**** THE DATA

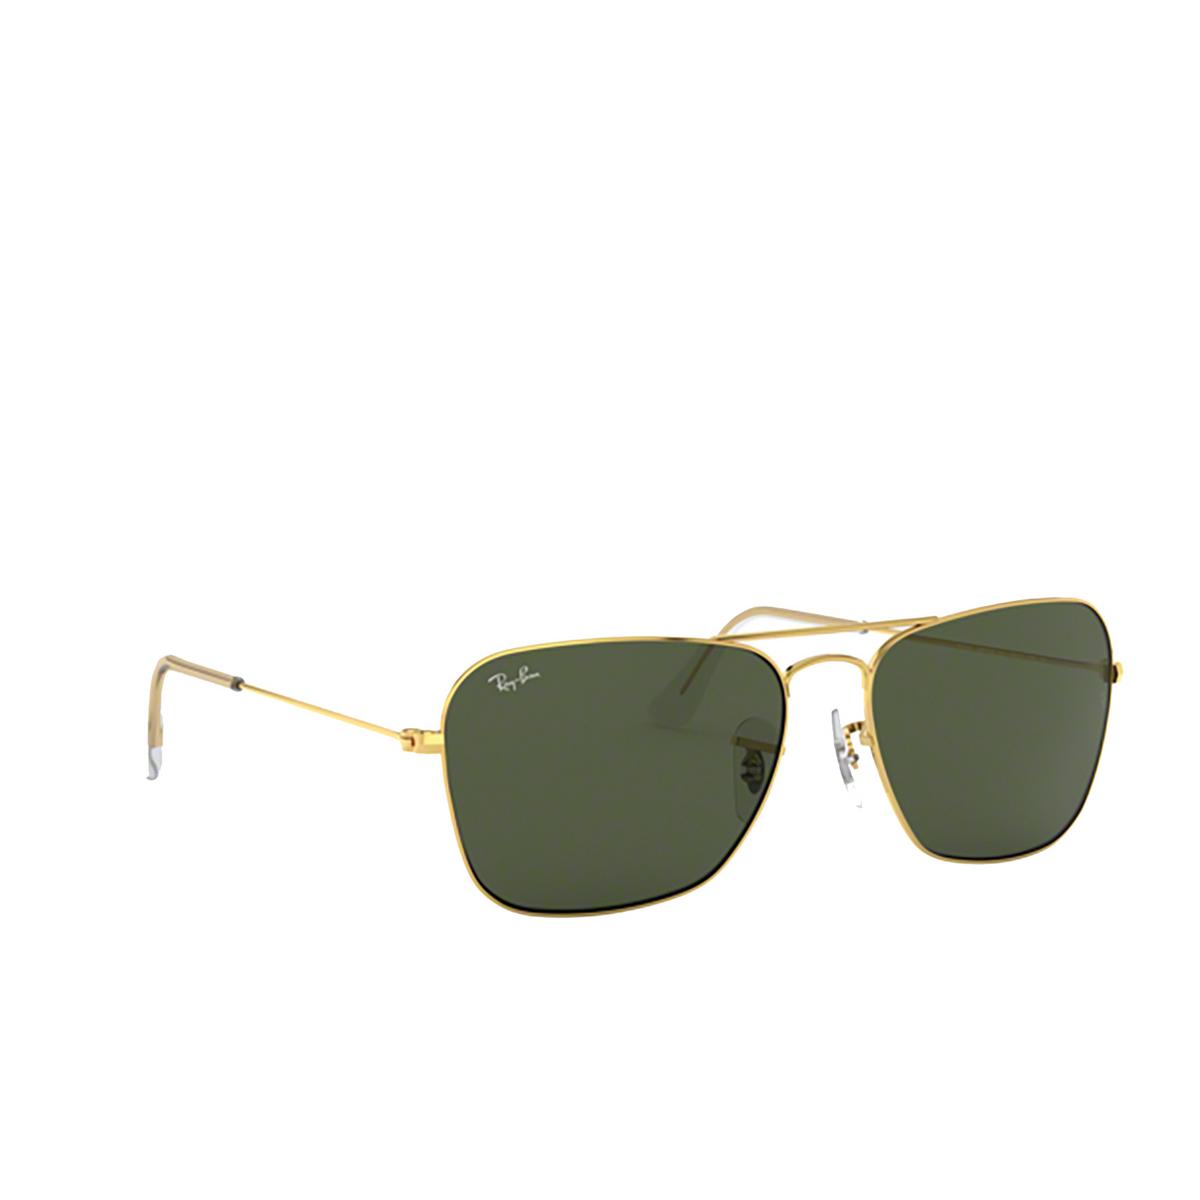 Ray-Ban® Square Sunglasses: Caravan RB3136 color Arista 001 - 2/3.
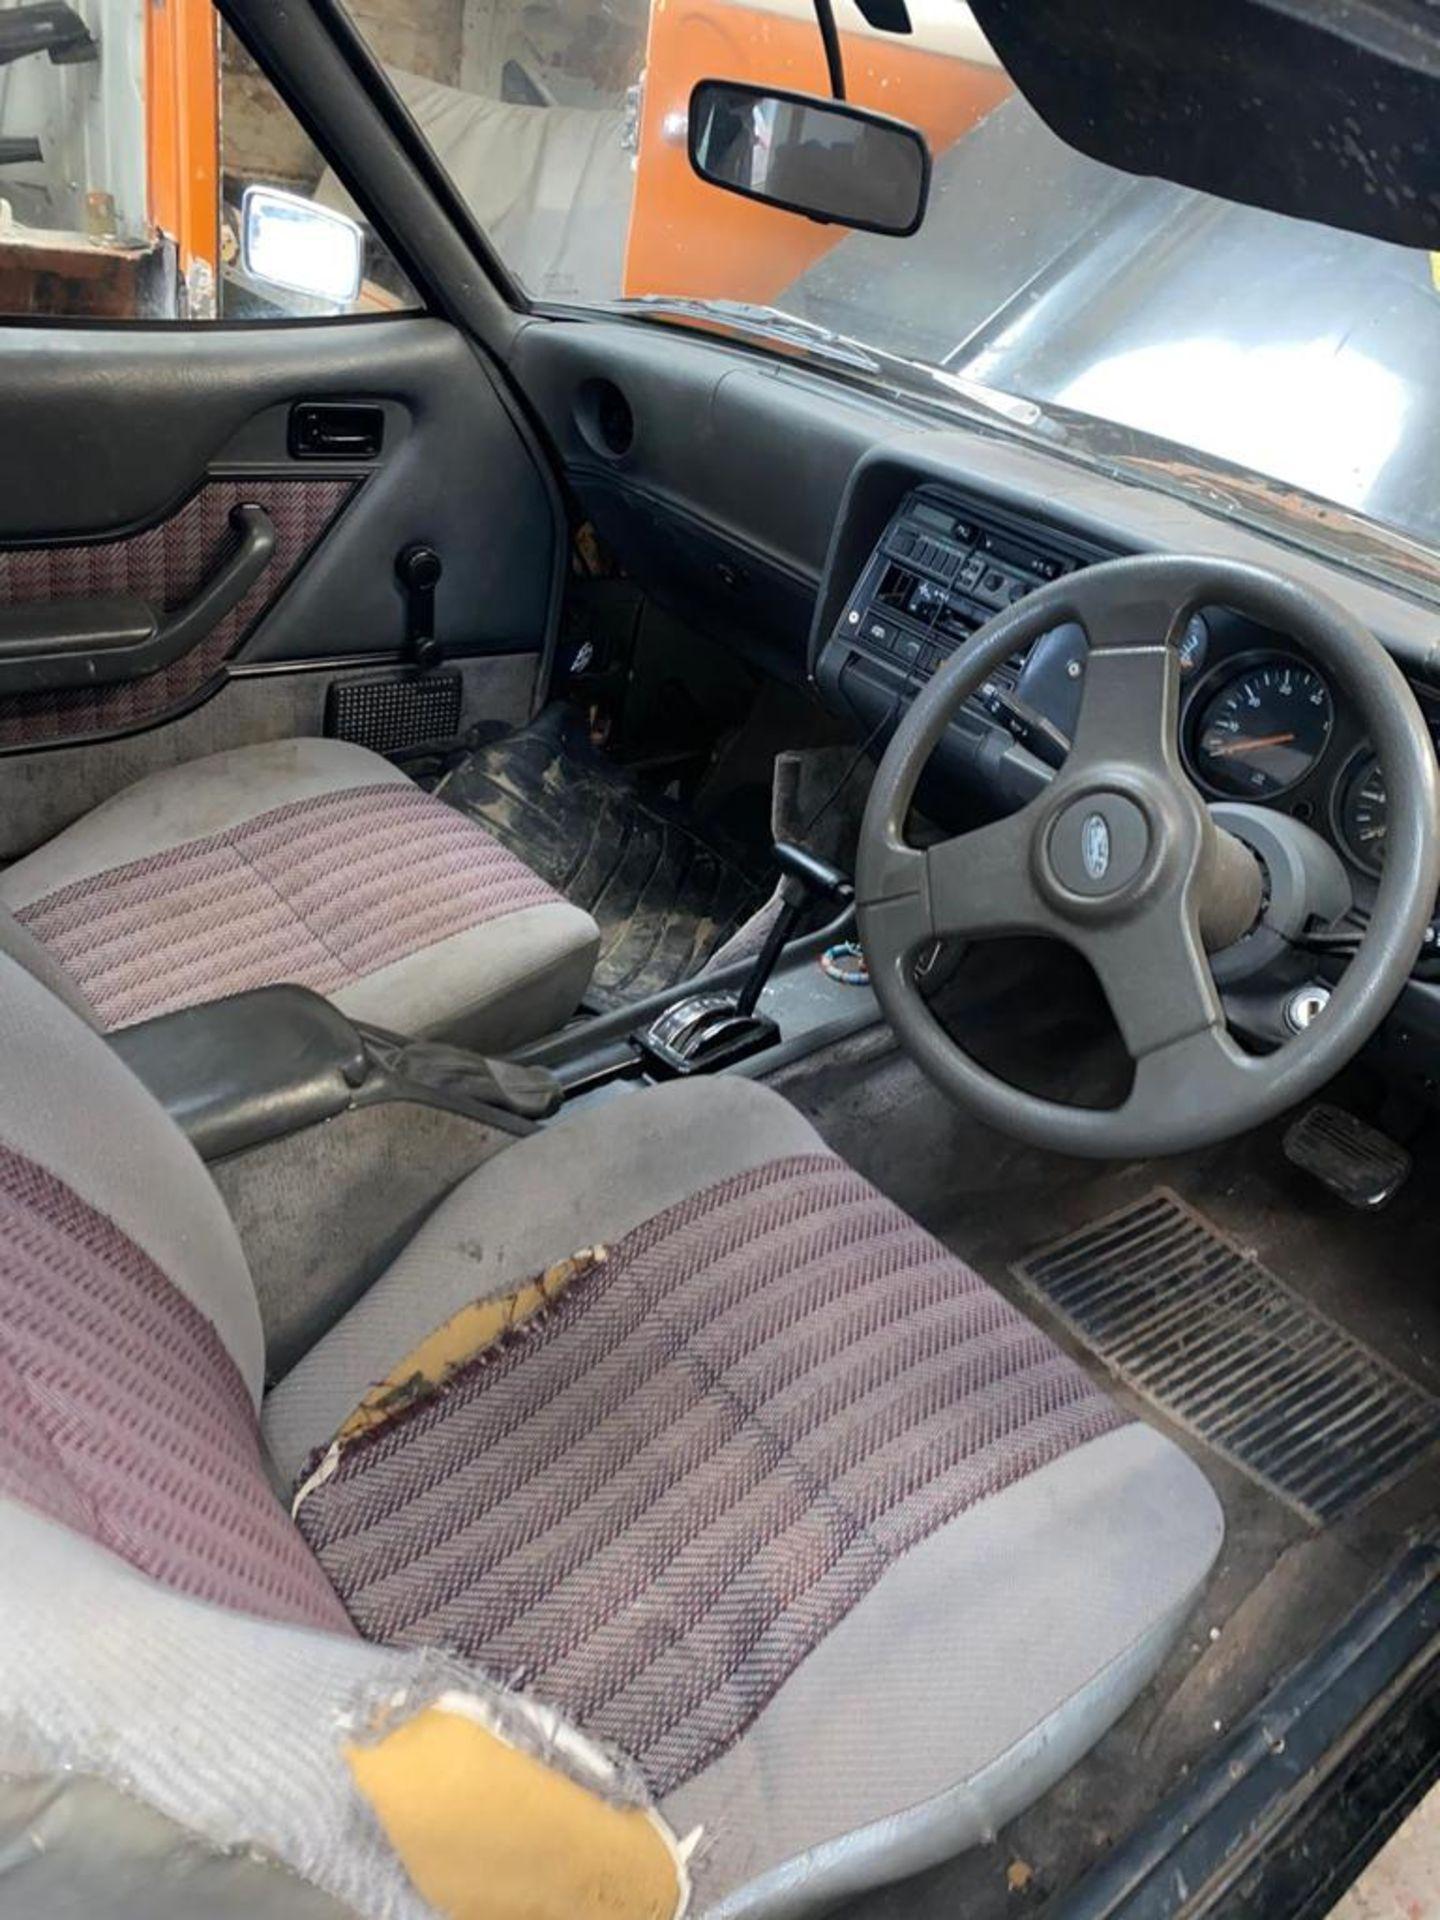 1986/C REG FORD CAPRI LASER AUTO 2.0 PETROL BLACK 3 DOOR *NO VAT* - Image 18 of 32
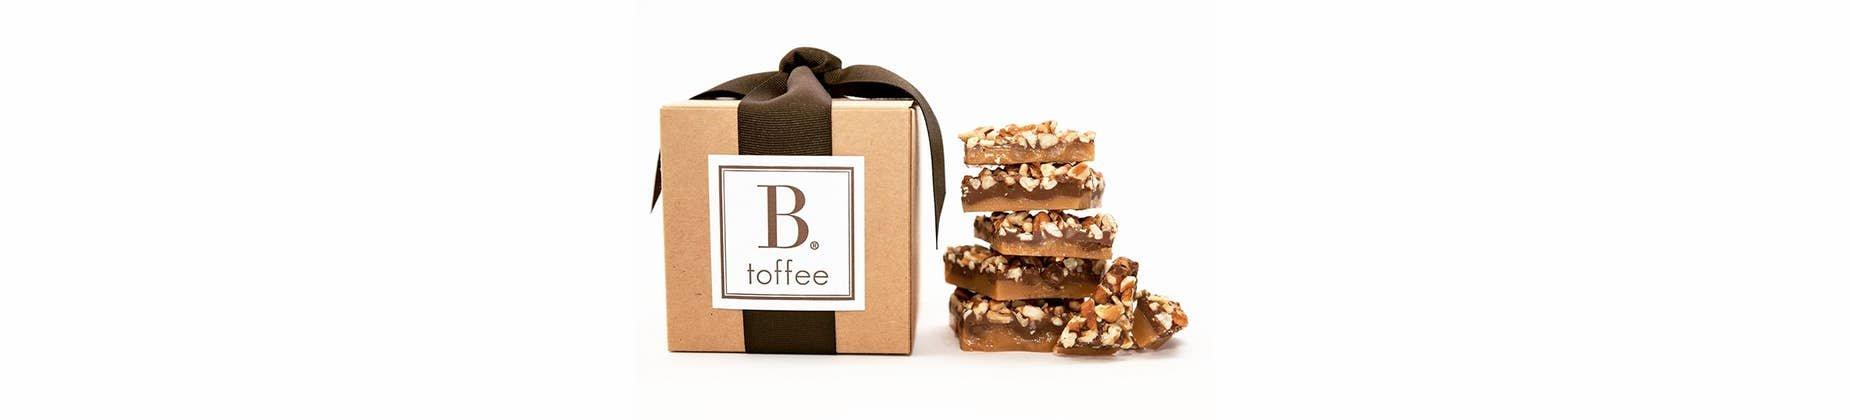 B Toffee Milk Chocolate

********

- [TASK GOAL]: Would you reproduce each line of the material exactly, omitting the images?

- [RESPONSE BOX]:
 Ray-Ban® Square Sunglasses: Caravan RB3136 color Arista 001 - 2/3.
 1986/C REG FORD CAPRI LASER AUTO 2.0 PETROL BLACK 3 DOOR *NO VAT* - Image 18 of 32
 B Toffee Milk Chocolate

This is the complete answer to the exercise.